● **Given entries**
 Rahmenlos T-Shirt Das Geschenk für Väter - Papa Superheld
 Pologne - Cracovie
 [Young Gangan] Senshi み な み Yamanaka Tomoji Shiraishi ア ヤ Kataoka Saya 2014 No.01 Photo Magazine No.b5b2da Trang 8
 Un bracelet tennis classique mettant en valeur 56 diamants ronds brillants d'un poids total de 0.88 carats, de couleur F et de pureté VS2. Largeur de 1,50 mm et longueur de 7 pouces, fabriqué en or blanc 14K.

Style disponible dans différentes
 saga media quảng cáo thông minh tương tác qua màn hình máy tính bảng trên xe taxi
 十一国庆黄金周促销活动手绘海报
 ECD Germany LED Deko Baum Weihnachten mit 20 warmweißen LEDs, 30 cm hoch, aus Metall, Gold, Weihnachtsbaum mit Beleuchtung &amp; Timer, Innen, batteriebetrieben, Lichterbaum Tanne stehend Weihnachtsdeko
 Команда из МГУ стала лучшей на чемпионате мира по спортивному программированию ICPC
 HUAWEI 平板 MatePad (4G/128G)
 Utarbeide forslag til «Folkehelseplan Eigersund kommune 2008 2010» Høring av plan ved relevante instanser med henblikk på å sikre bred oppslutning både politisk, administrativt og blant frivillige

● **Exercise details**
Take the line above containing "saga media quảng", the line containing "十一国庆黄金周促销活动手绘海报", and all lines in between, and copy them exactly without anything else.

● **Answer section**
 saga media quảng cáo thông minh tương tác qua màn hình máy tính bảng trên xe taxi
 十一国庆黄金周促销活动手绘海报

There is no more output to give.